Source material:
━━━━
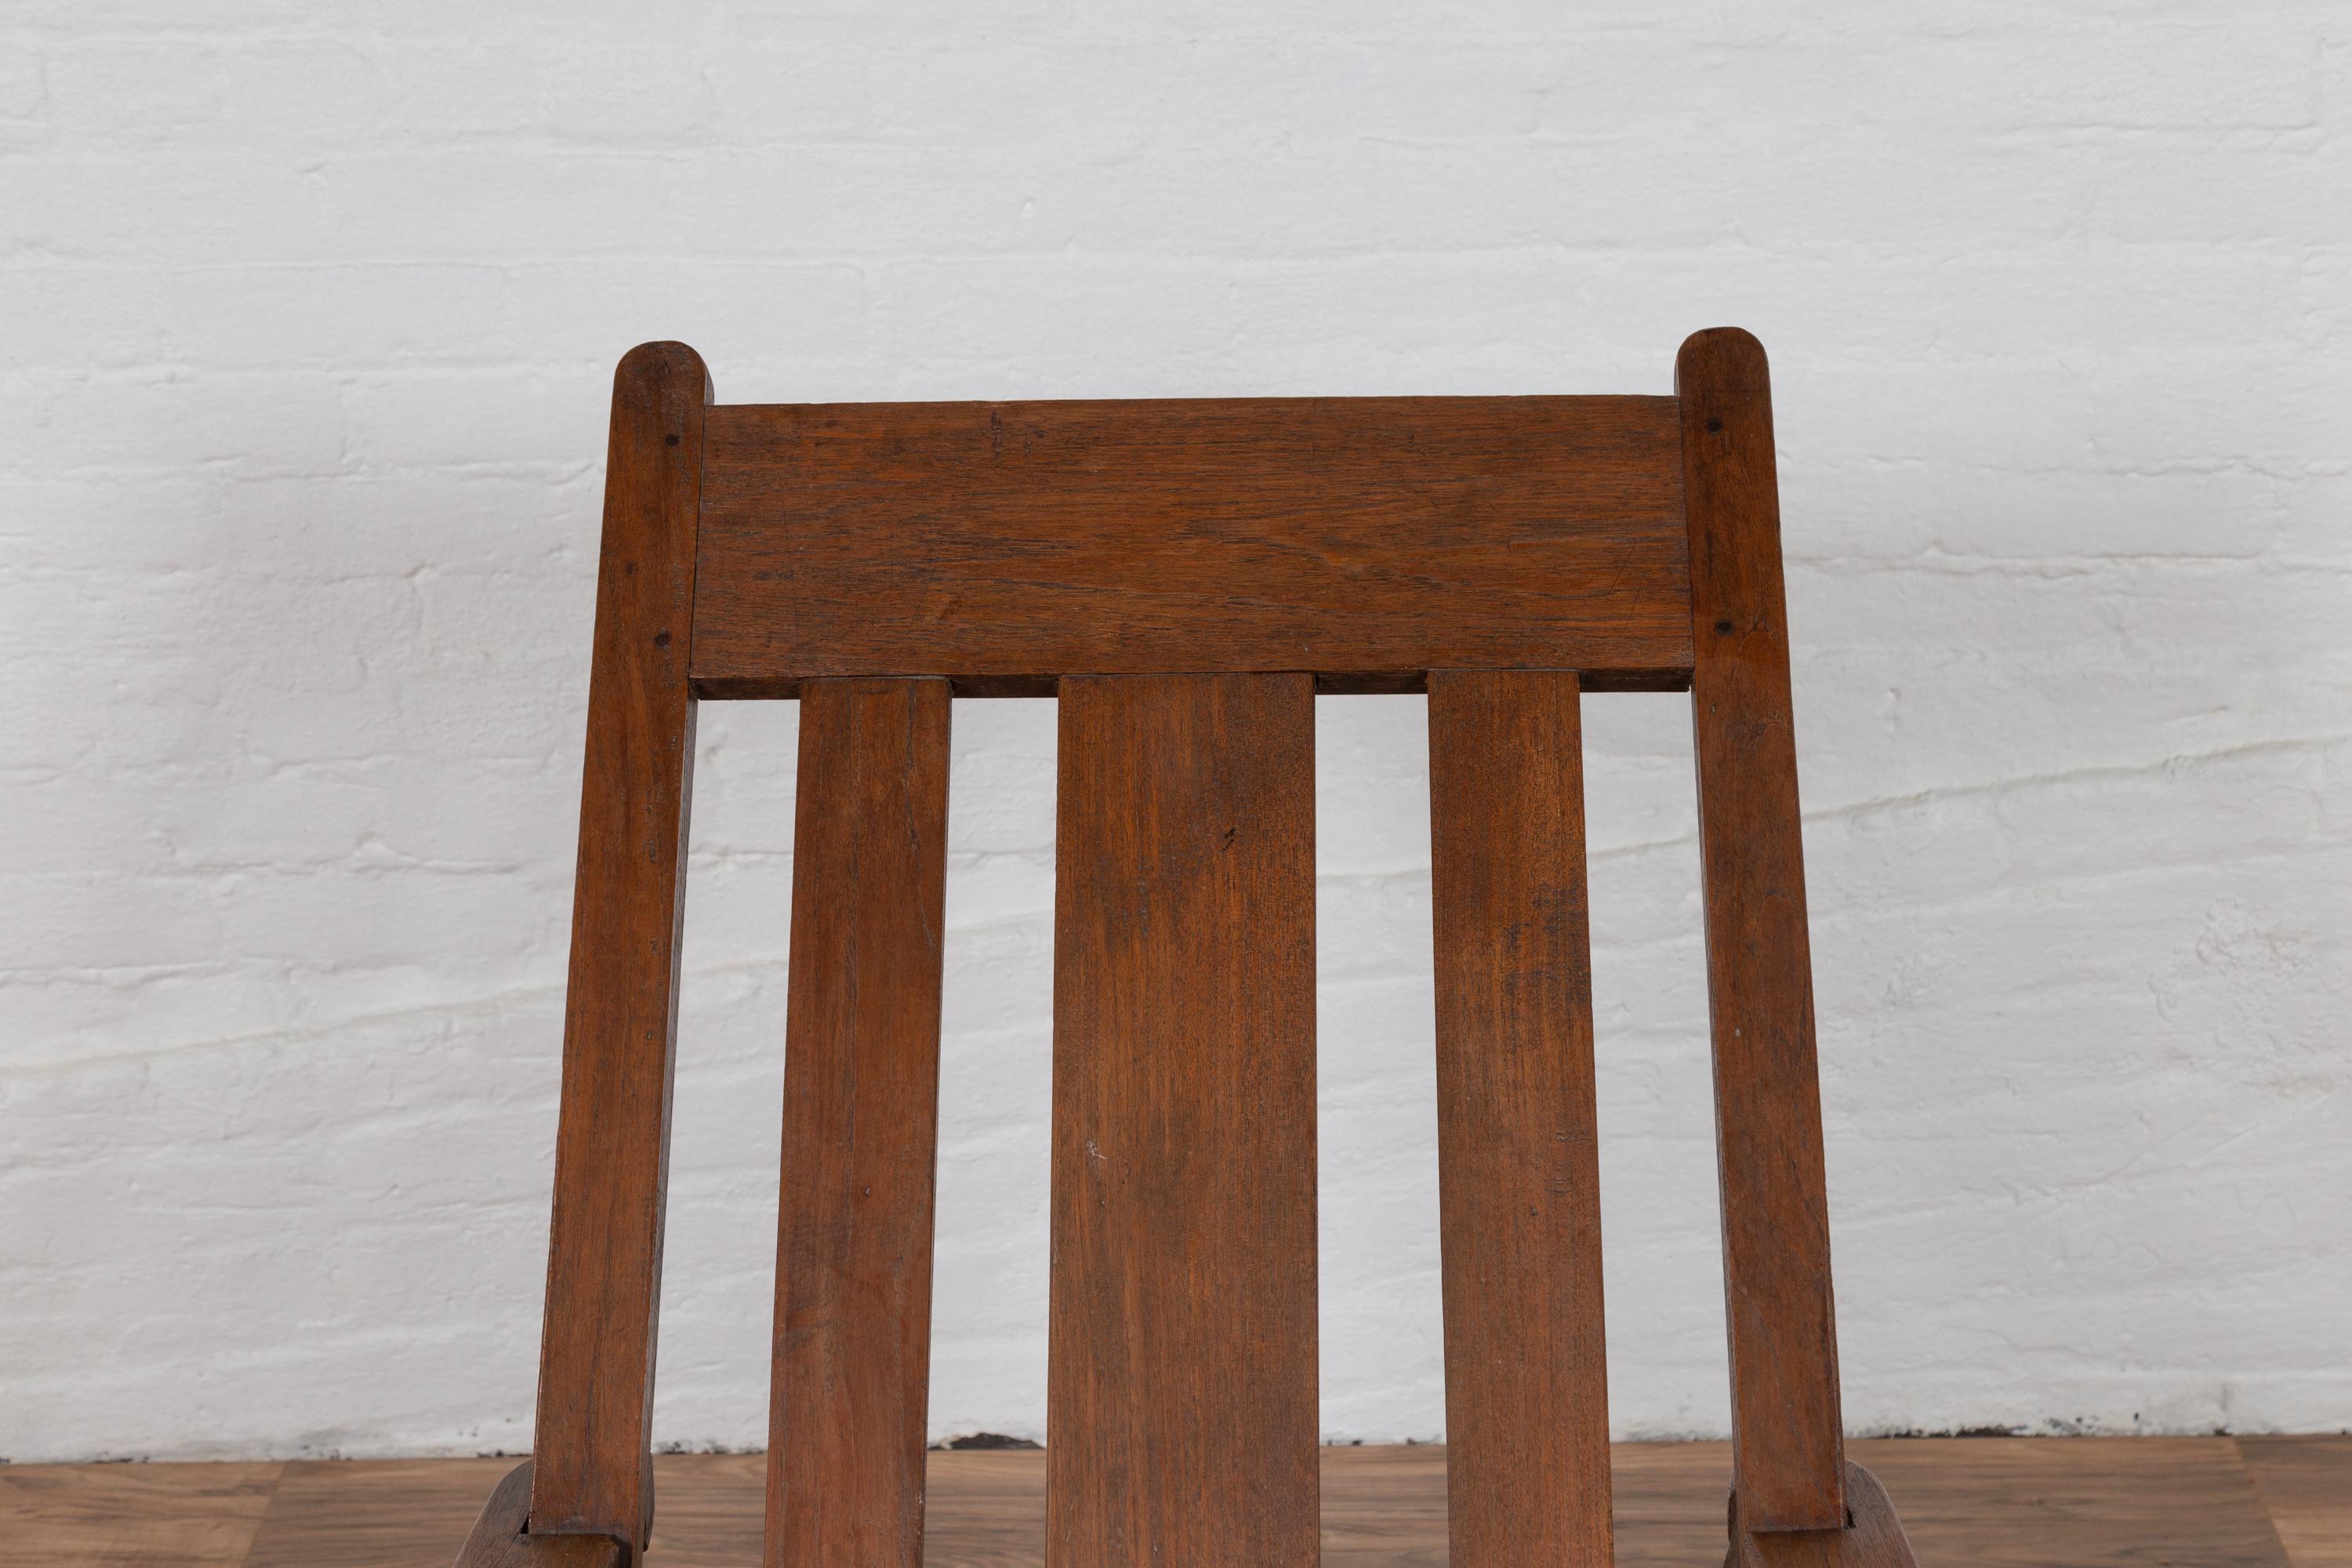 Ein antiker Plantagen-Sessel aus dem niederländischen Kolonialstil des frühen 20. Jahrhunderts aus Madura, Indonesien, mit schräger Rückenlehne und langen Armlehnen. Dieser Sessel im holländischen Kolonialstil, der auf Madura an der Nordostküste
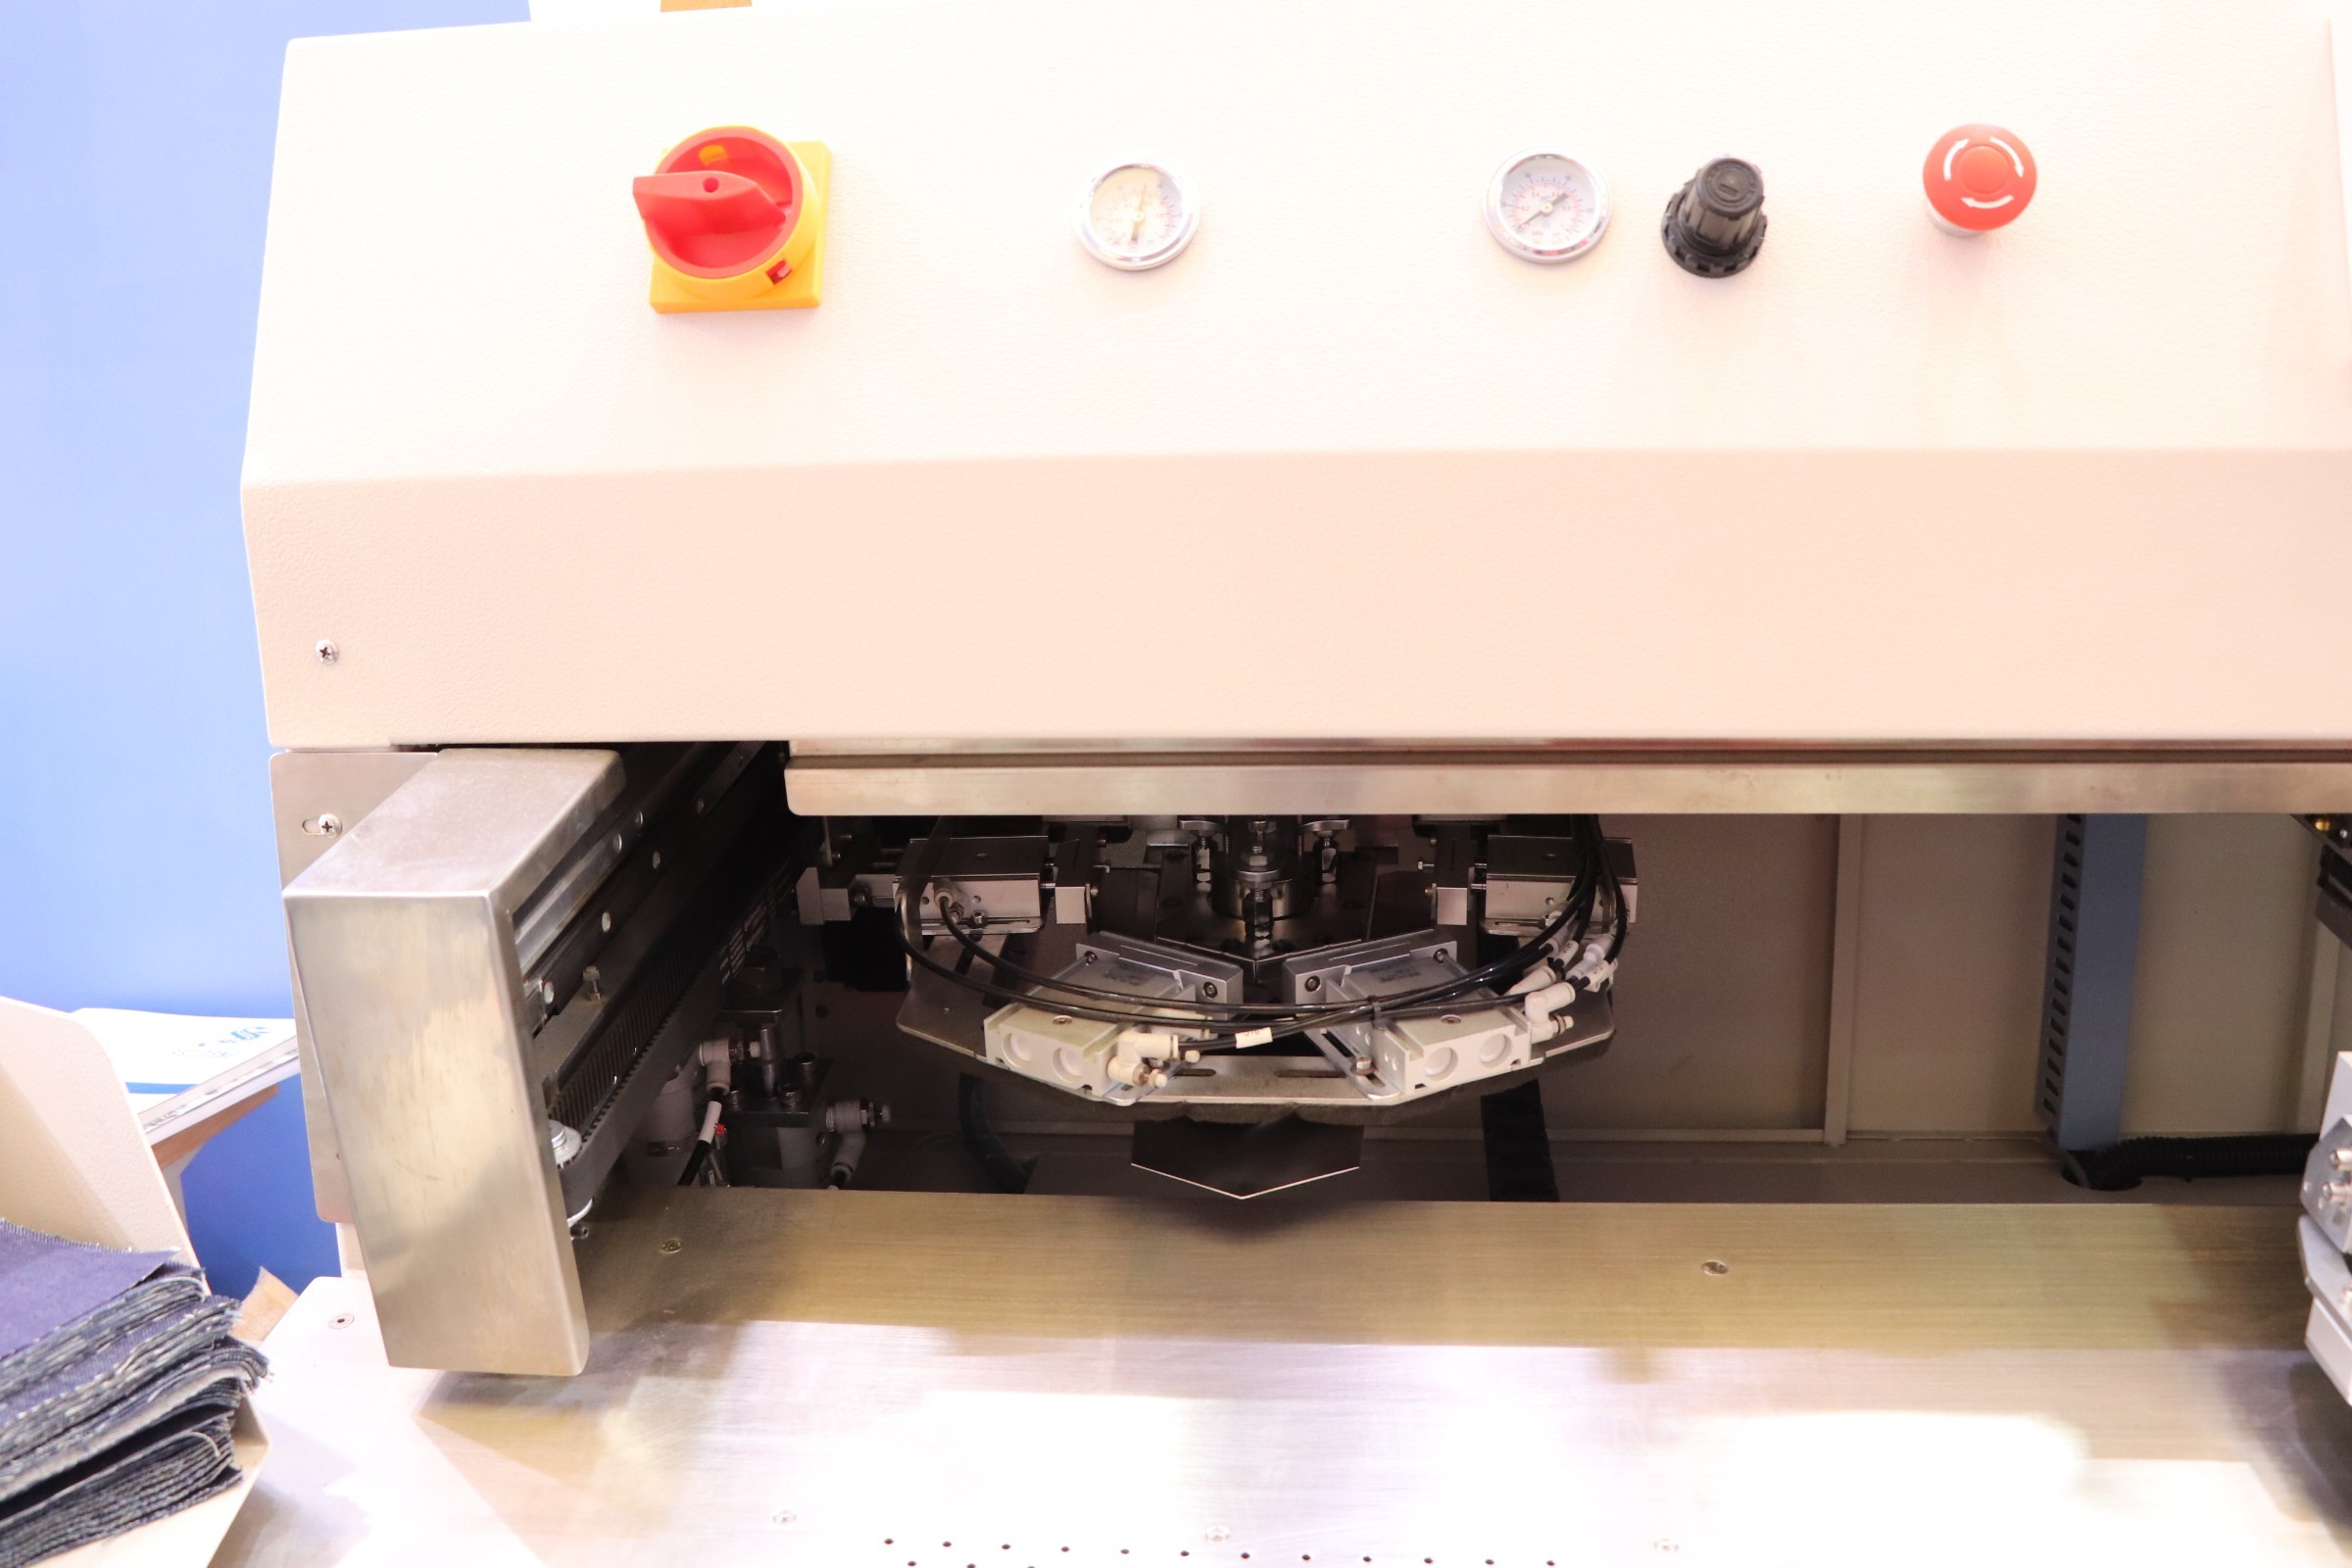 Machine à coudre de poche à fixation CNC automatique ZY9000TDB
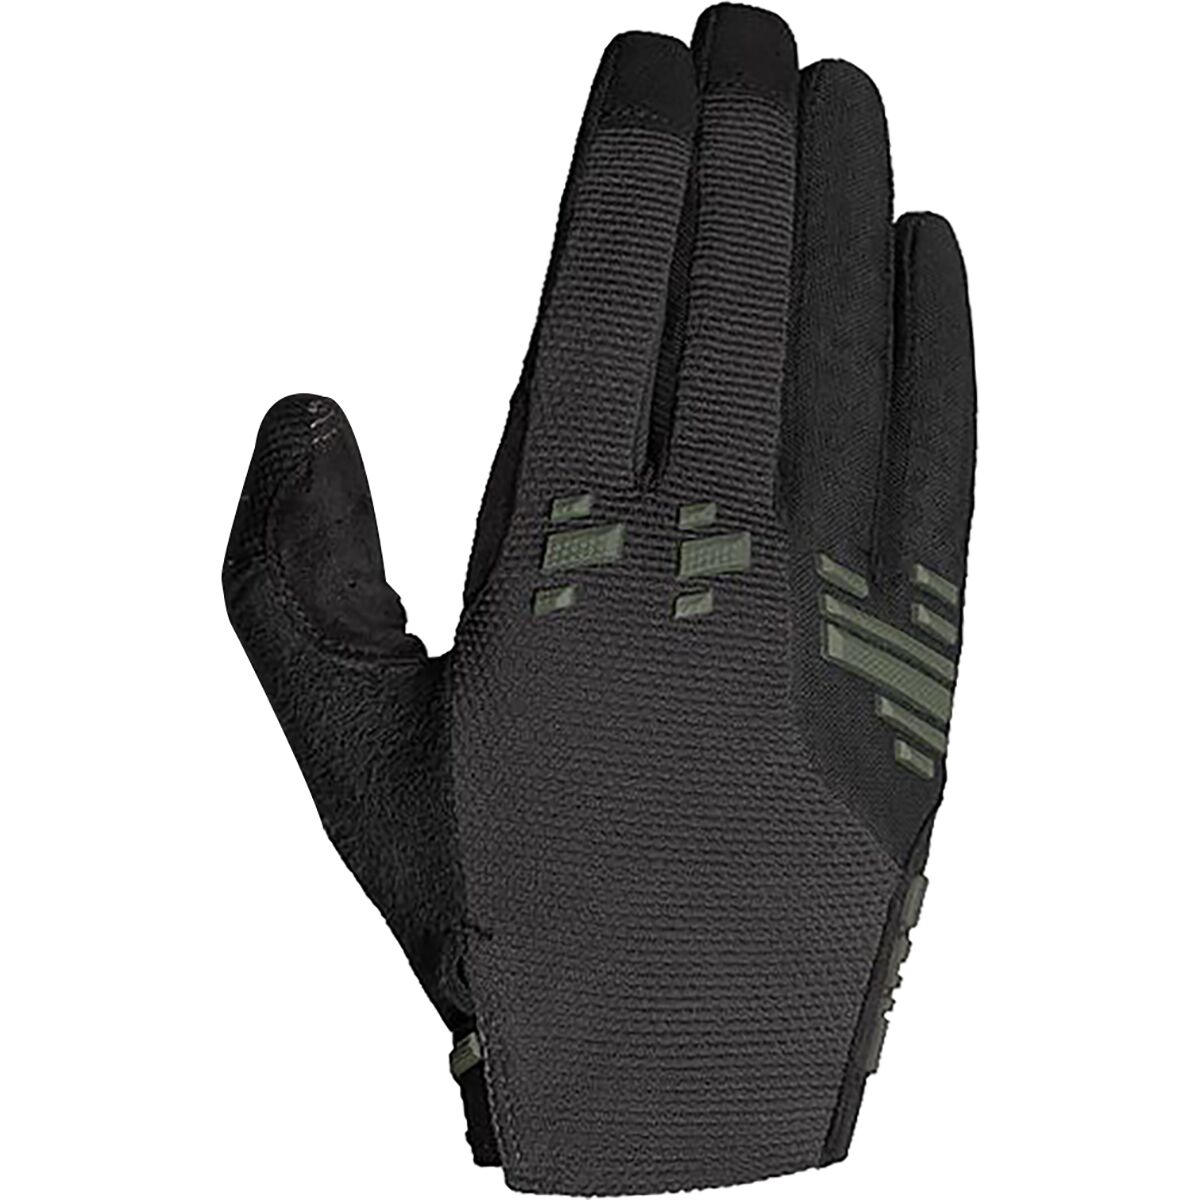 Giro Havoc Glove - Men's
━━━━
How to complete this task: All lines from the one holding "Machine à coudre" to the end of the listing above need to be duplicated exactly. None of the pictures should be included.

Exercise solution:
 Machine à coudre de poche à fixation CNC automatique ZY9000TDB
 Giro Havoc Glove - Men's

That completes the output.